> **DATASET SECTION**
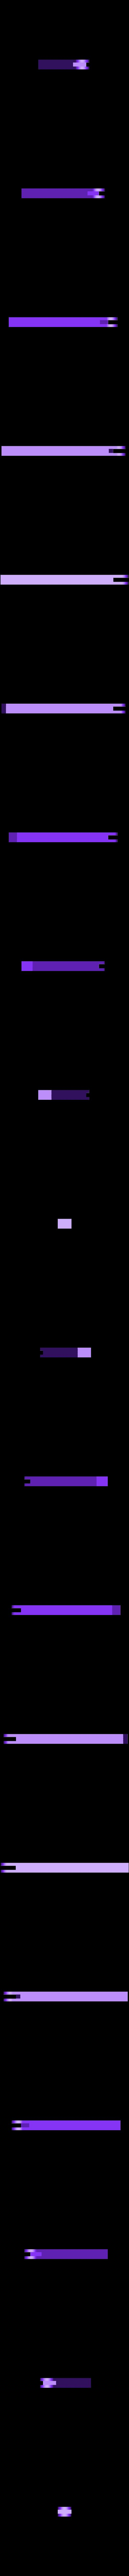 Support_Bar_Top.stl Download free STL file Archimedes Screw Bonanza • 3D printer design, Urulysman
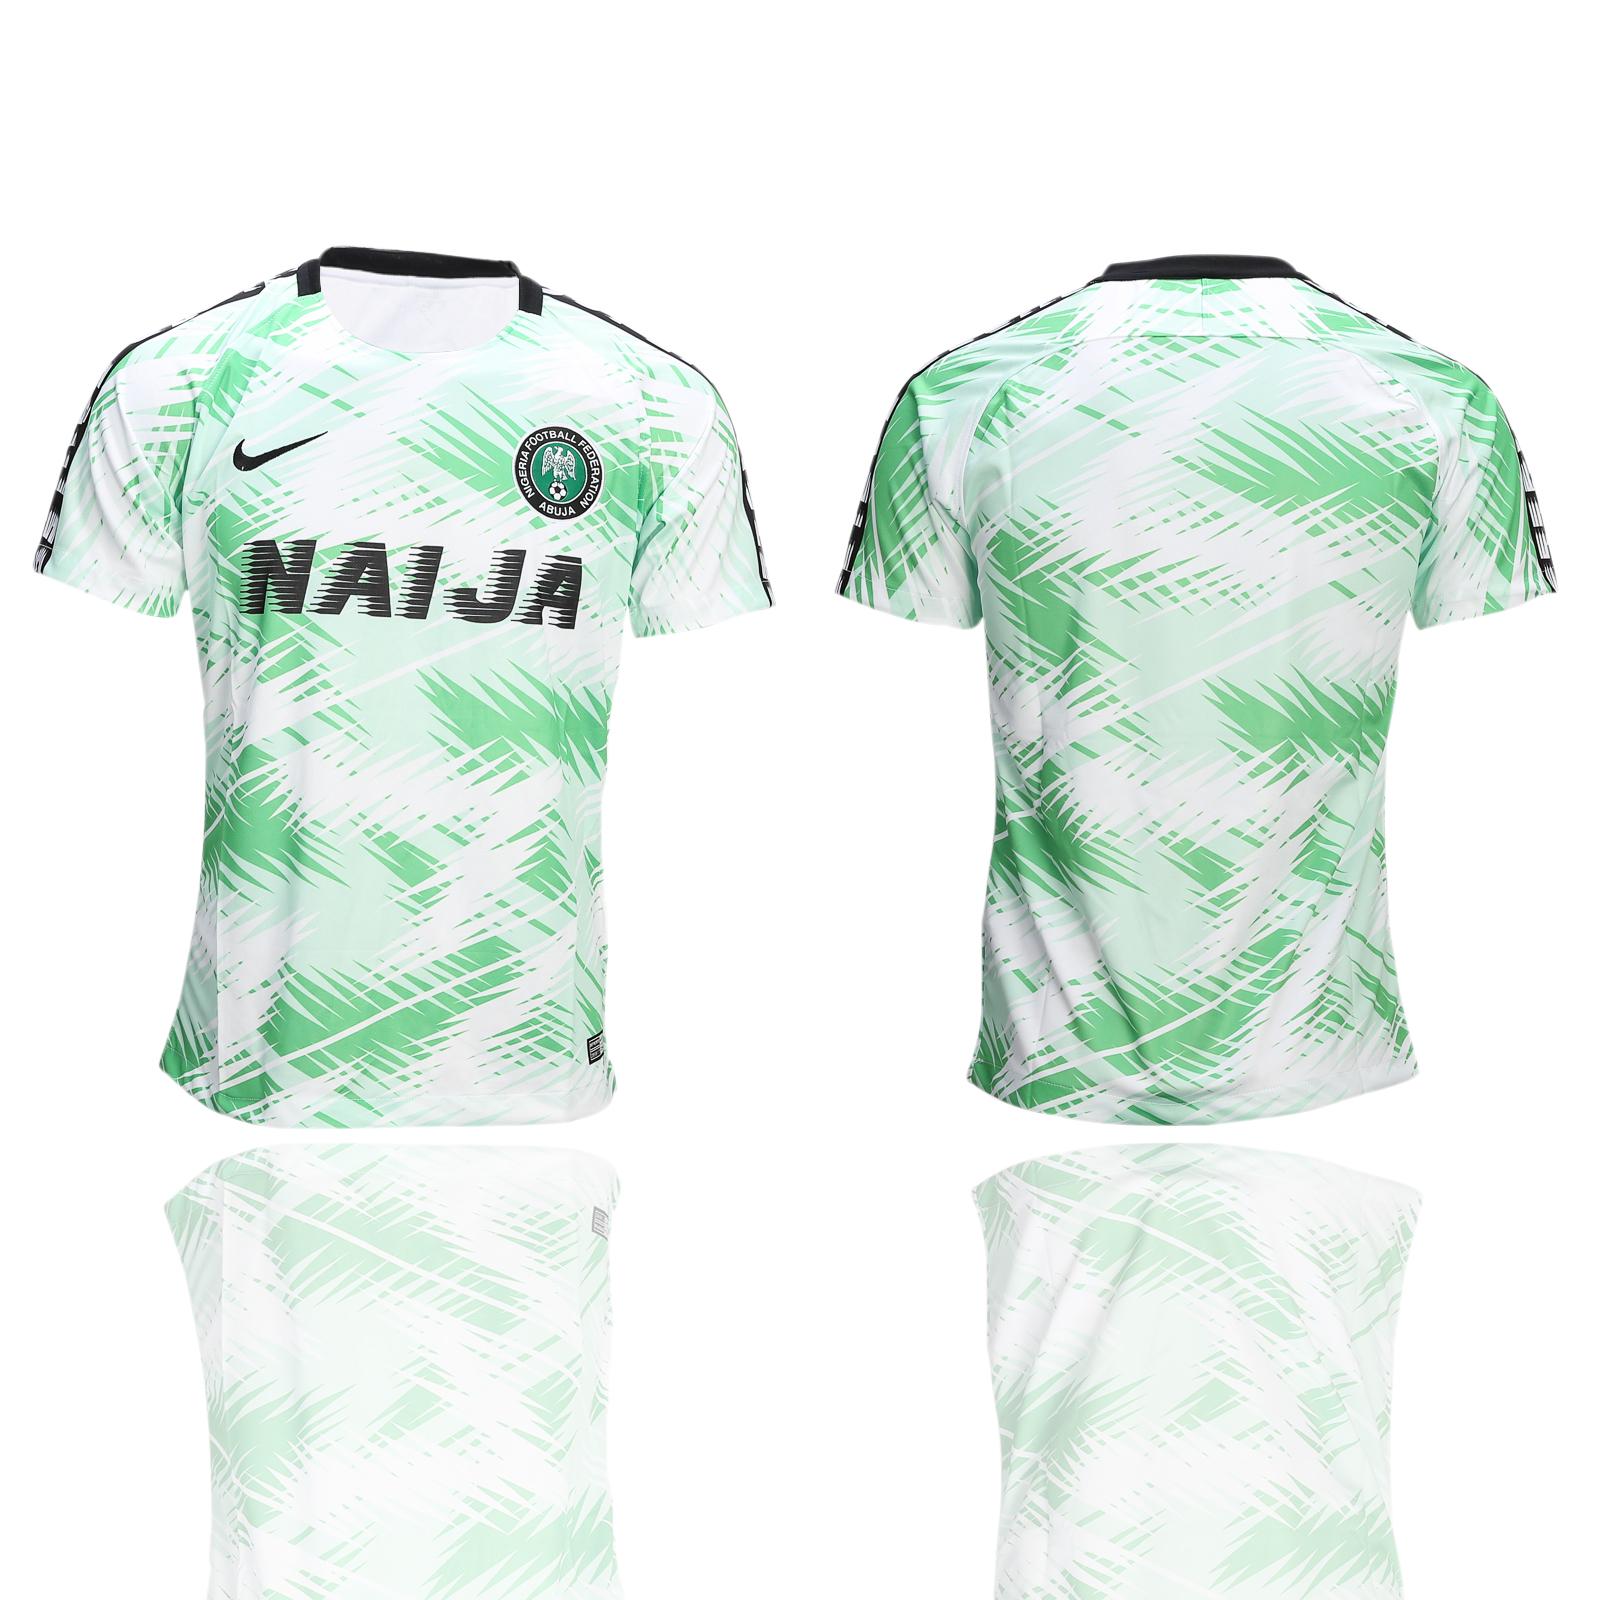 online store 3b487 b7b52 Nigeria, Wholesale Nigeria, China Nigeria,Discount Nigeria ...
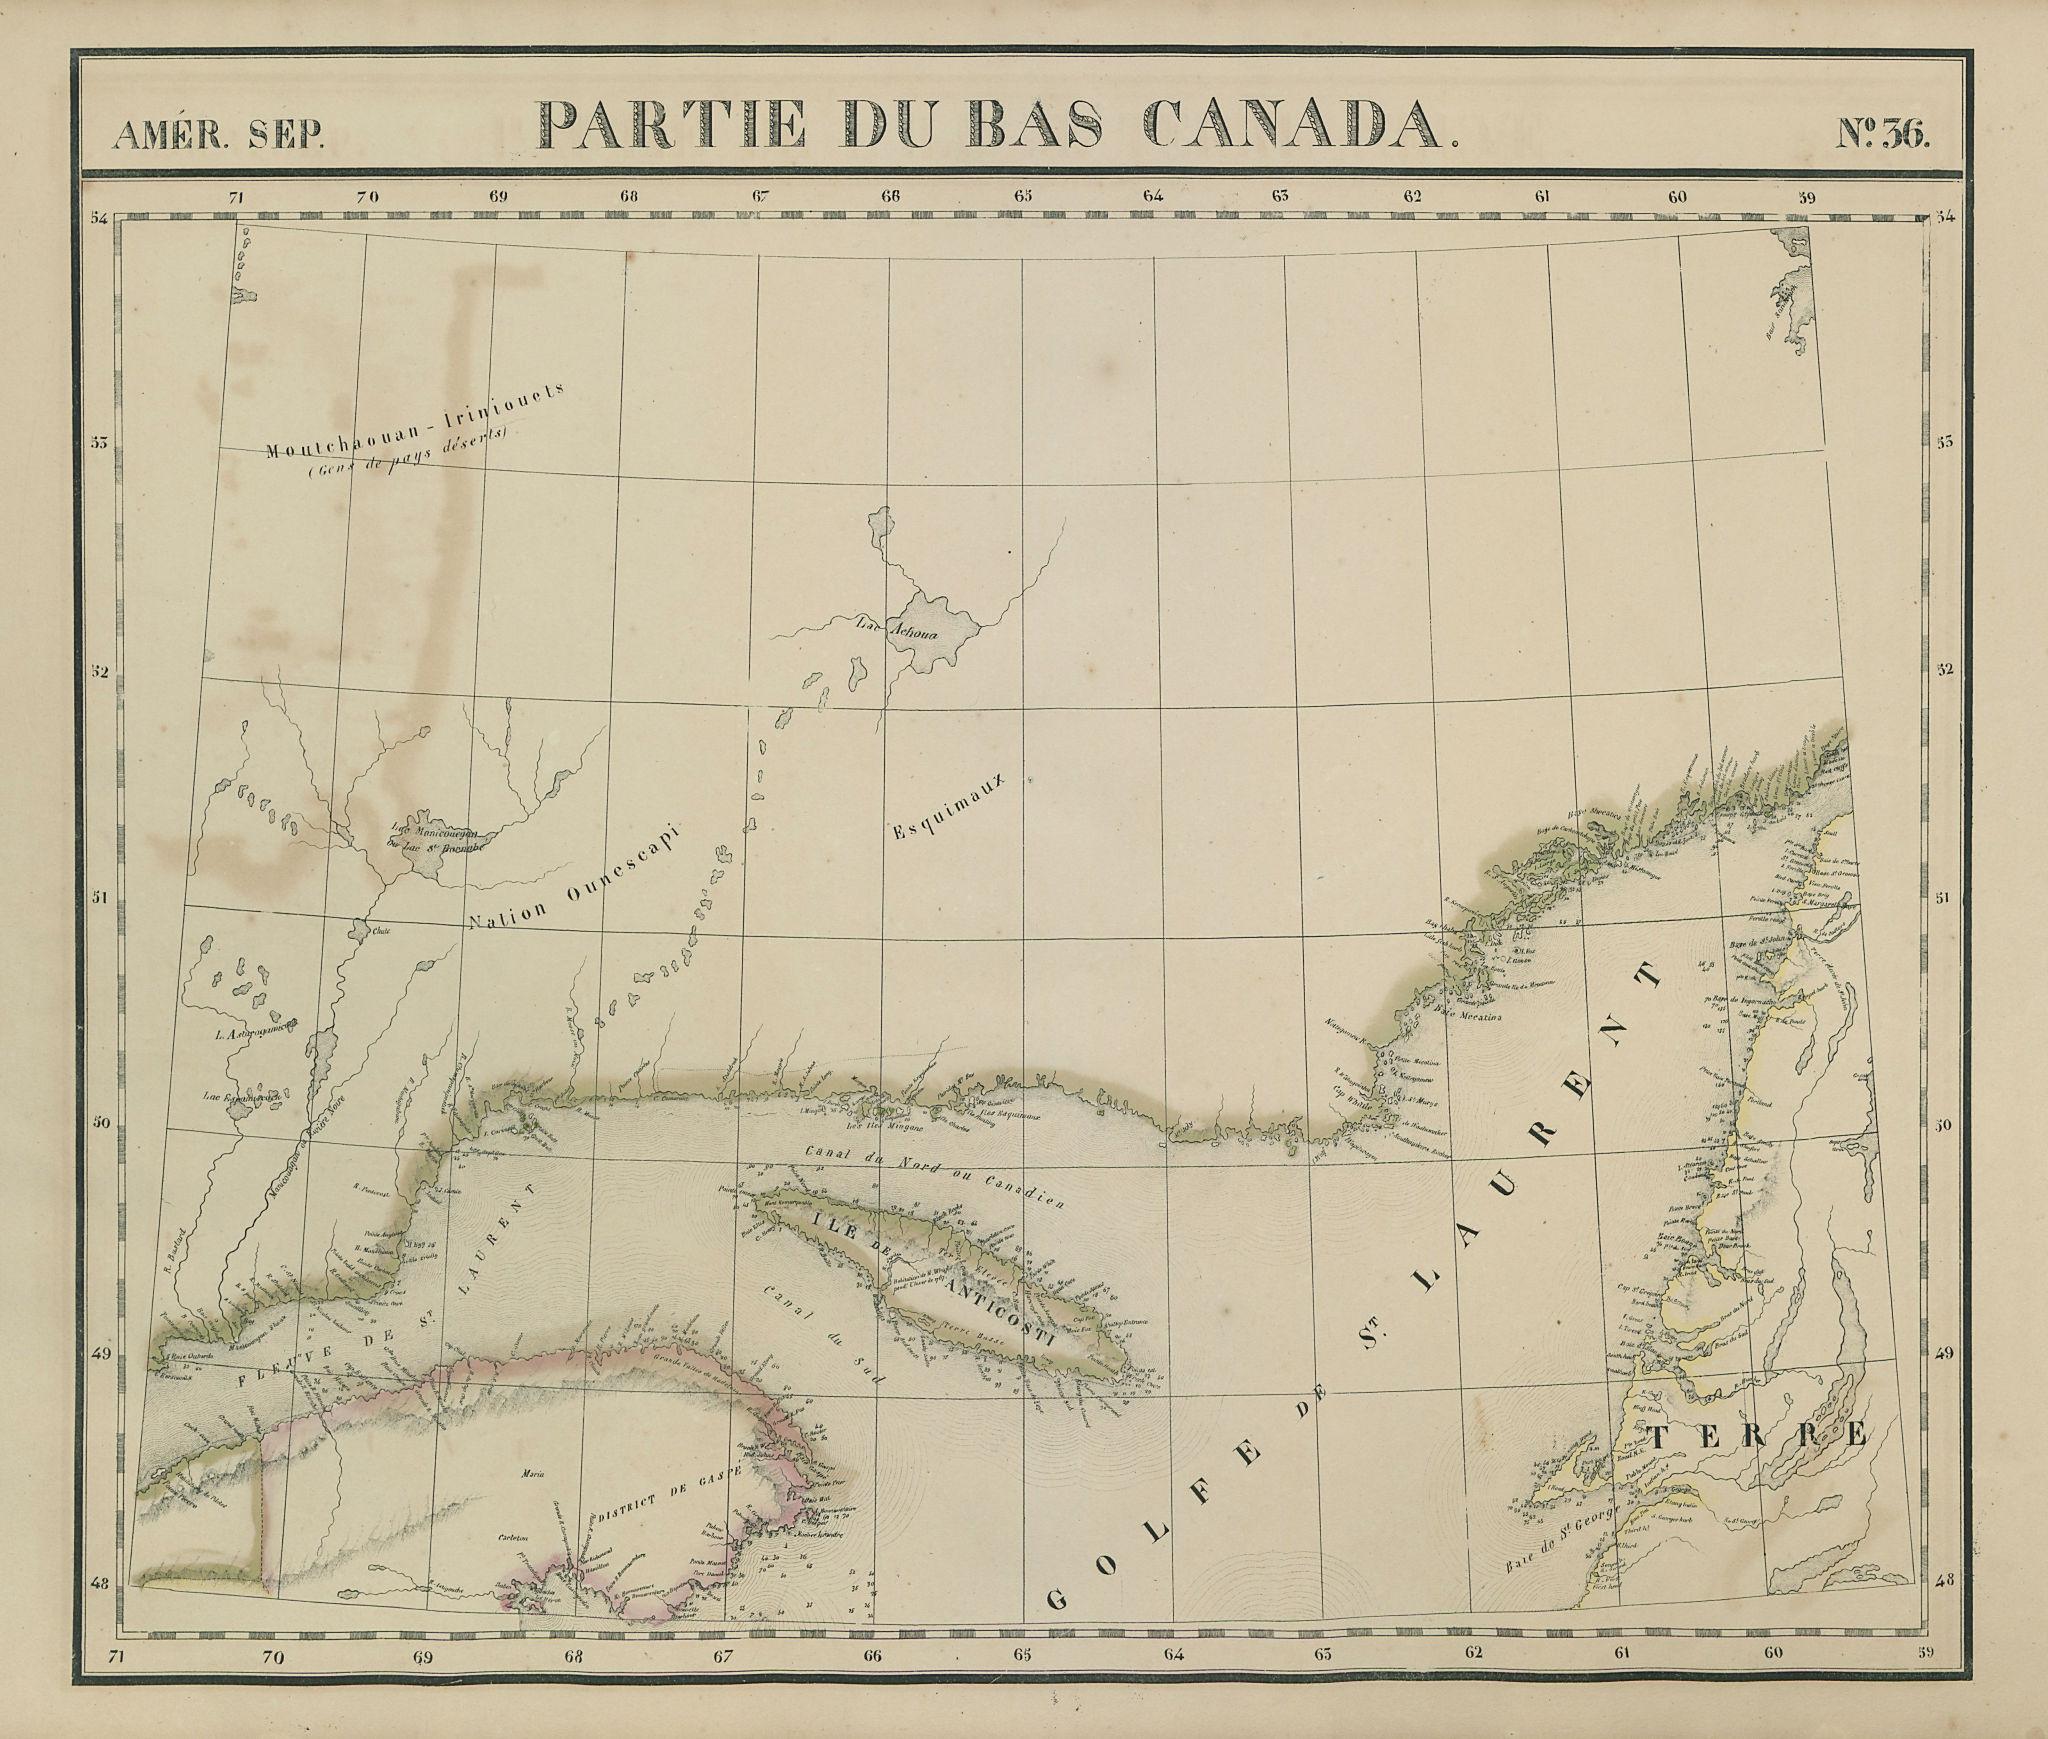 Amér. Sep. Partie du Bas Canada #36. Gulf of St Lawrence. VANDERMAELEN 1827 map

> **TASK**
Pictures aside, please output the whole listing exactly as it appears above.

> **FINISHED TASK**
 Support_Bar_Top.stl Download free STL file Archimedes Screw Bonanza • 3D printer design, Urulysman
 online store 3b487 b7b52 Nigeria, Wholesale Nigeria, China Nigeria,Discount Nigeria ...
 Amér. Sep. Partie du Bas Canada #36. Gulf of St Lawrence. VANDERMAELEN 1827 map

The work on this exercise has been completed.